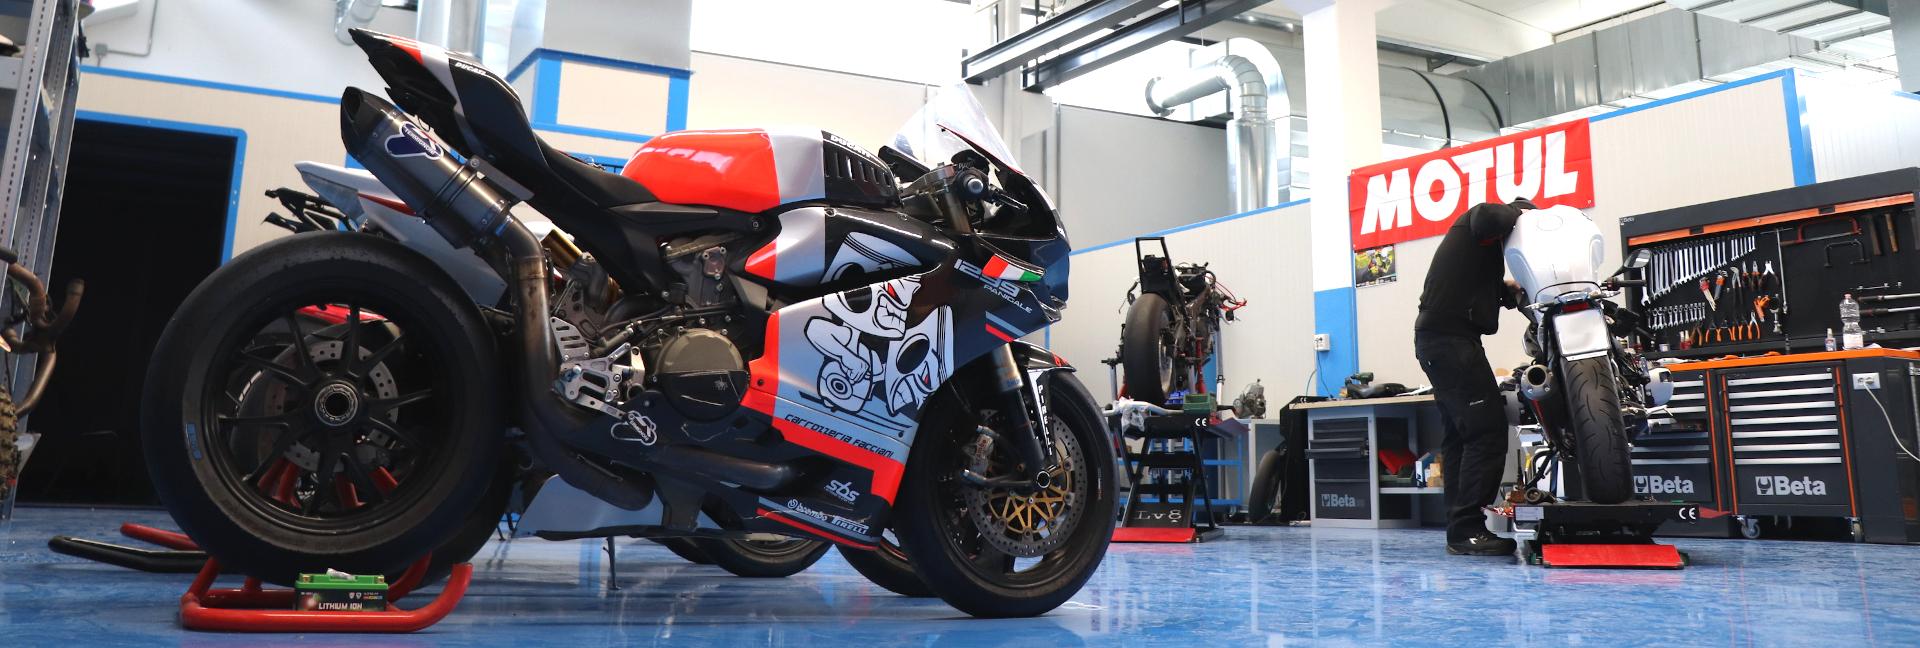 Officina Moto | Sale Prova | E-Shop | Racing
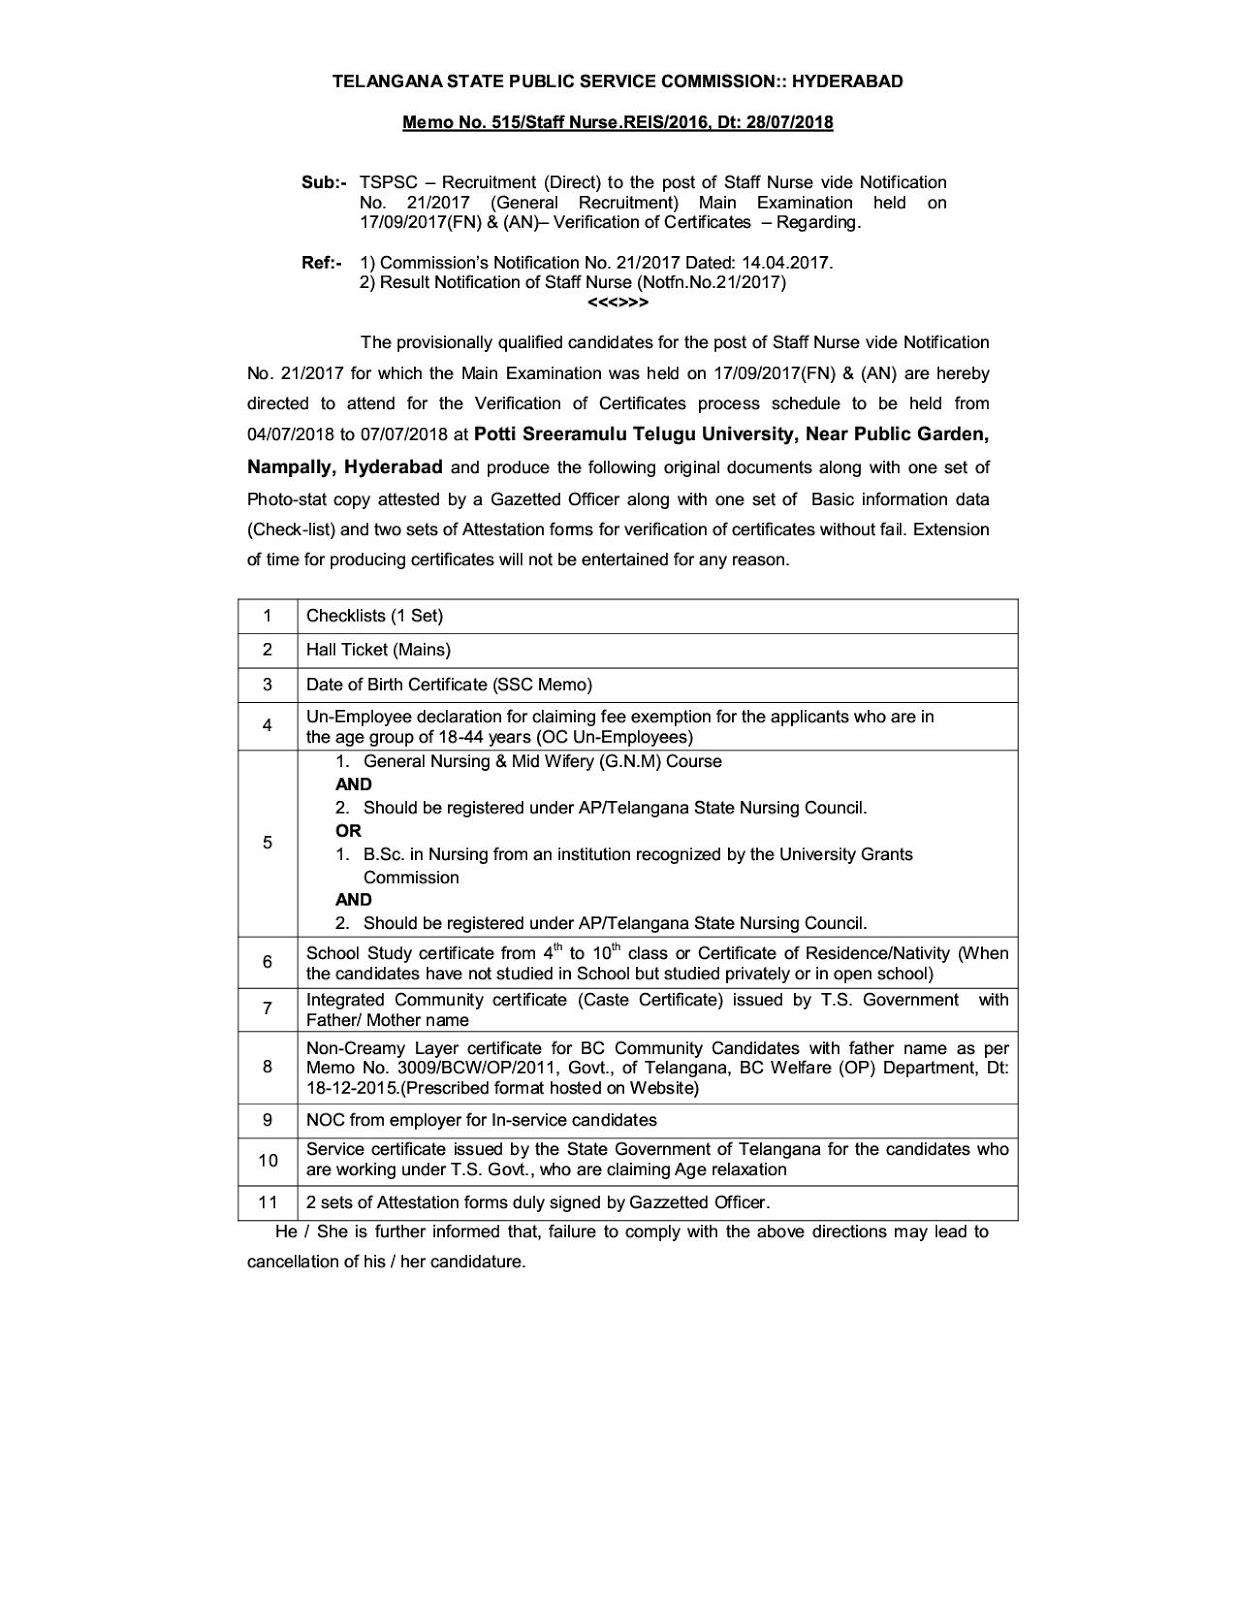 Telangana PSC Staff Nurse Document Verification Date and
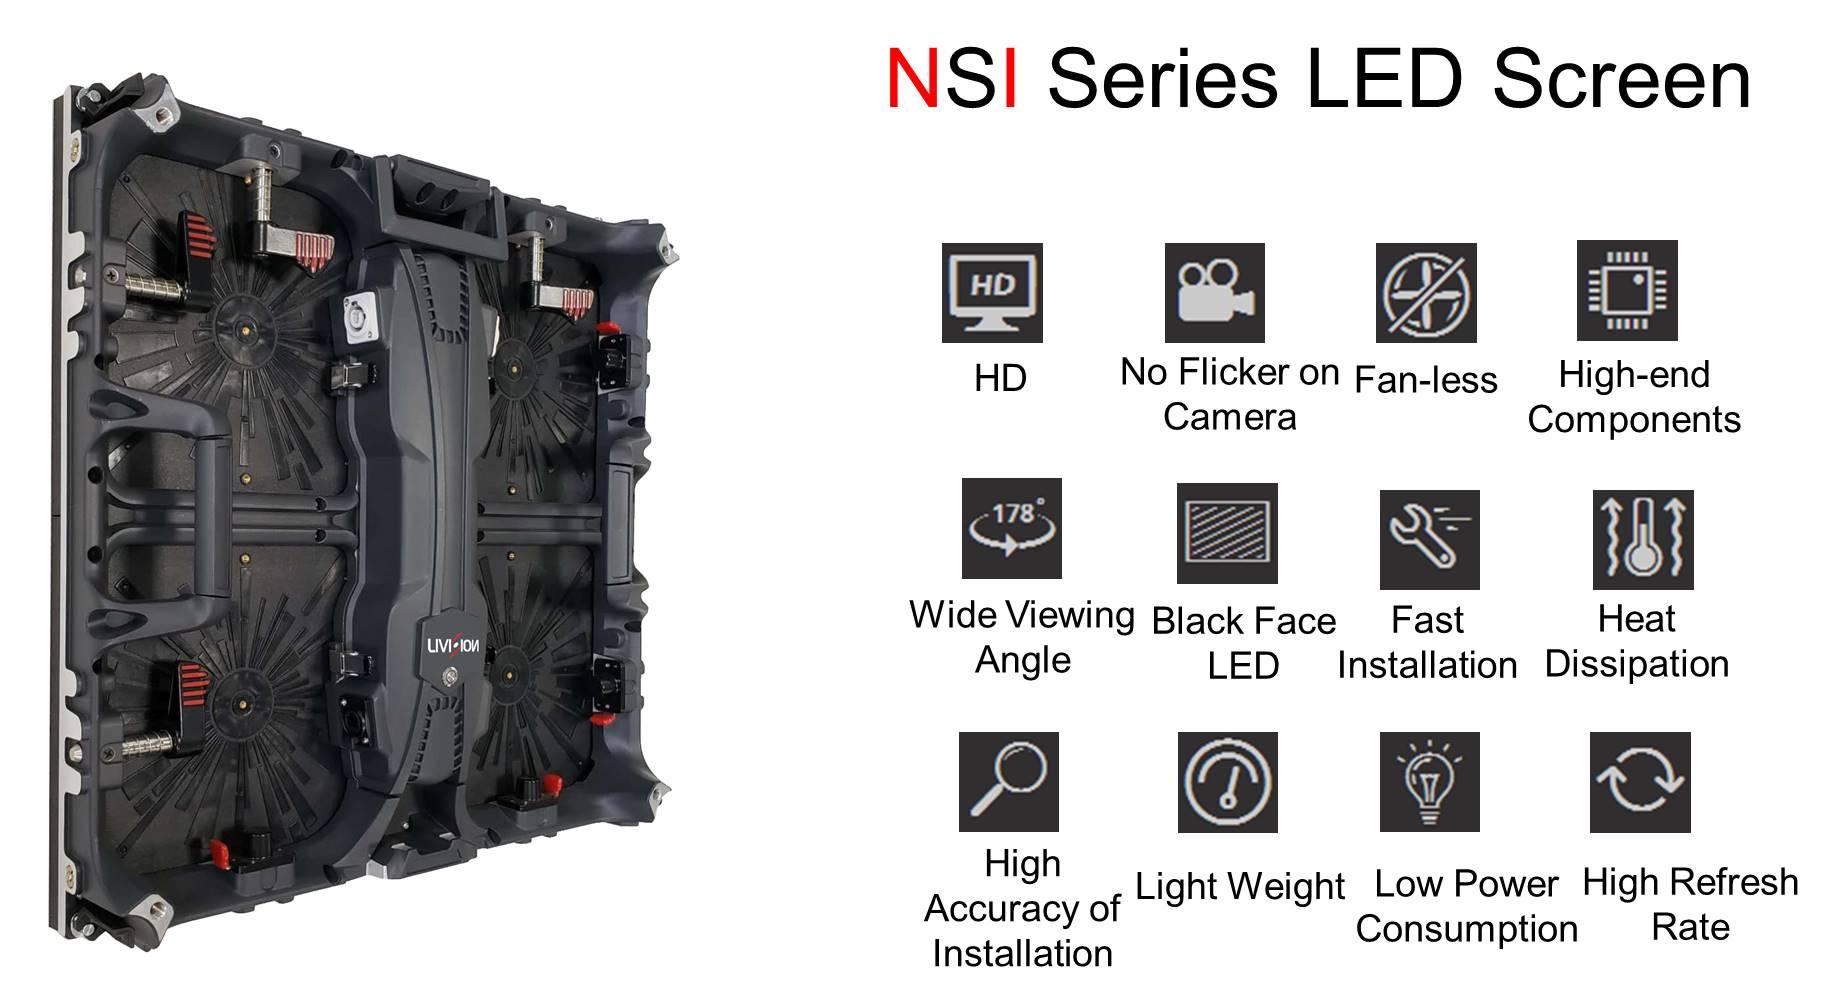 NSI Series Indoor LED Screens
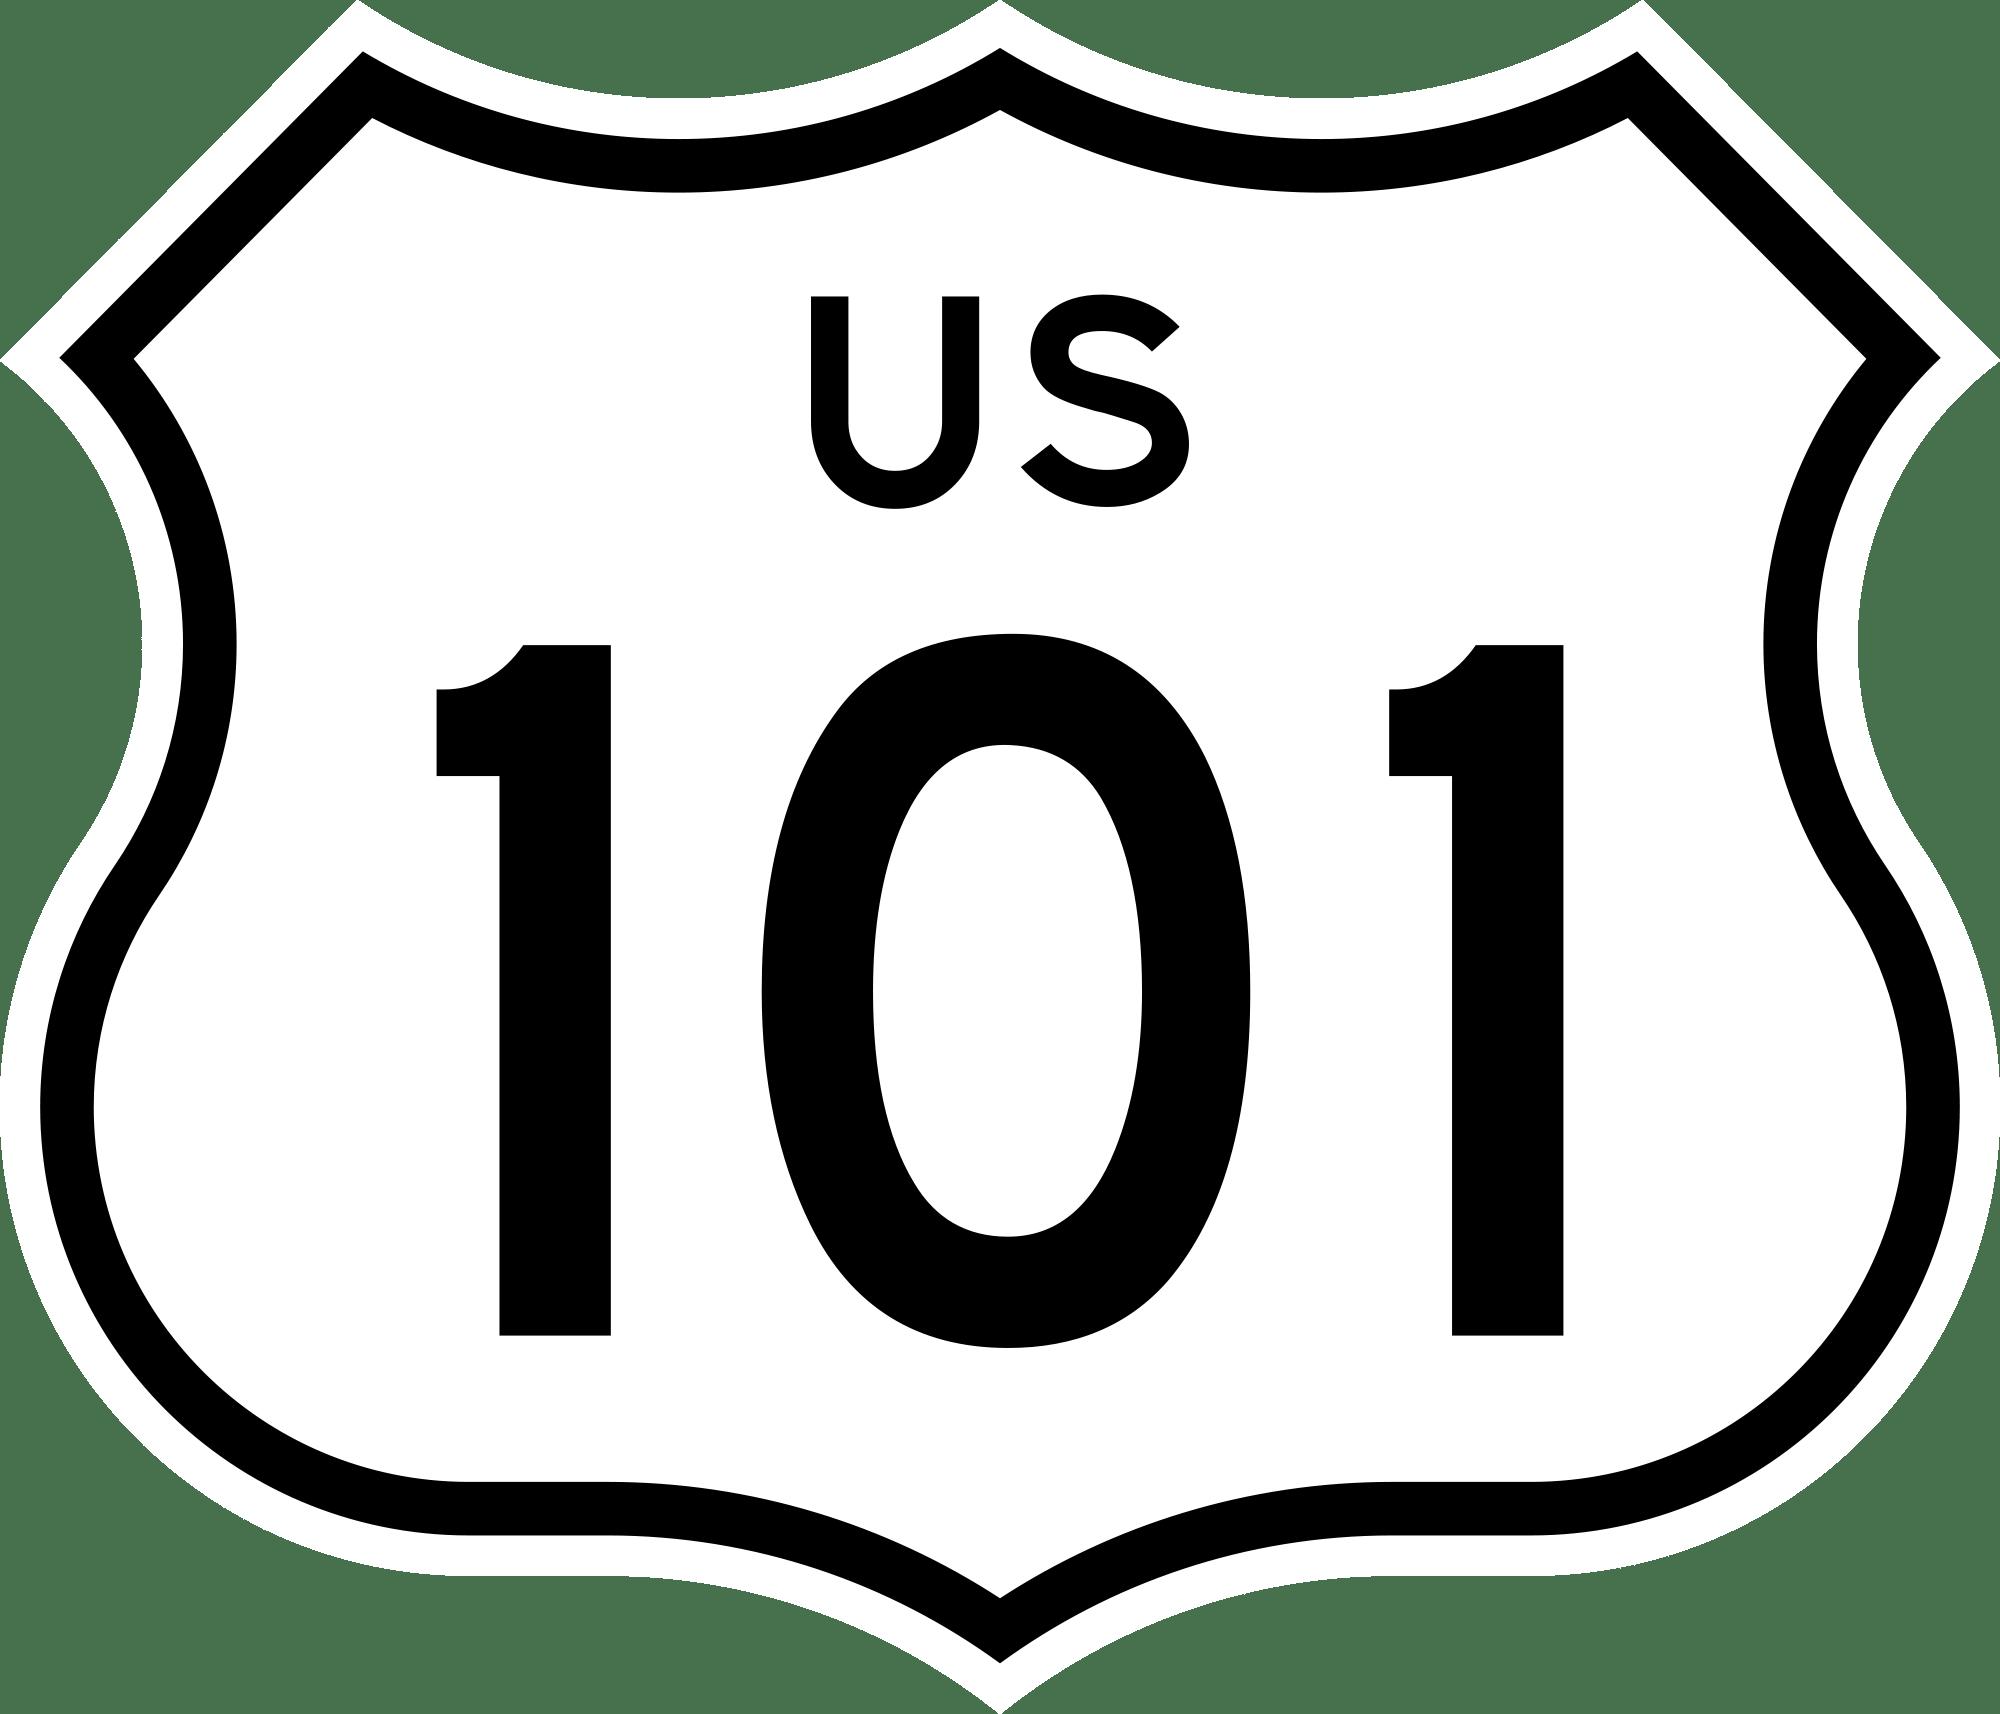 U S Route 101 Clipart

Exercise |
The listing above should be returned word for word, with pictures omitted.

Result |
 Officina Moto | Sale Prova | E-Shop | Racing
 Telangana PSC Staff Nurse Document Verification Date and
 NSI Series Indoor LED Screens
 U S Route 101 Clipart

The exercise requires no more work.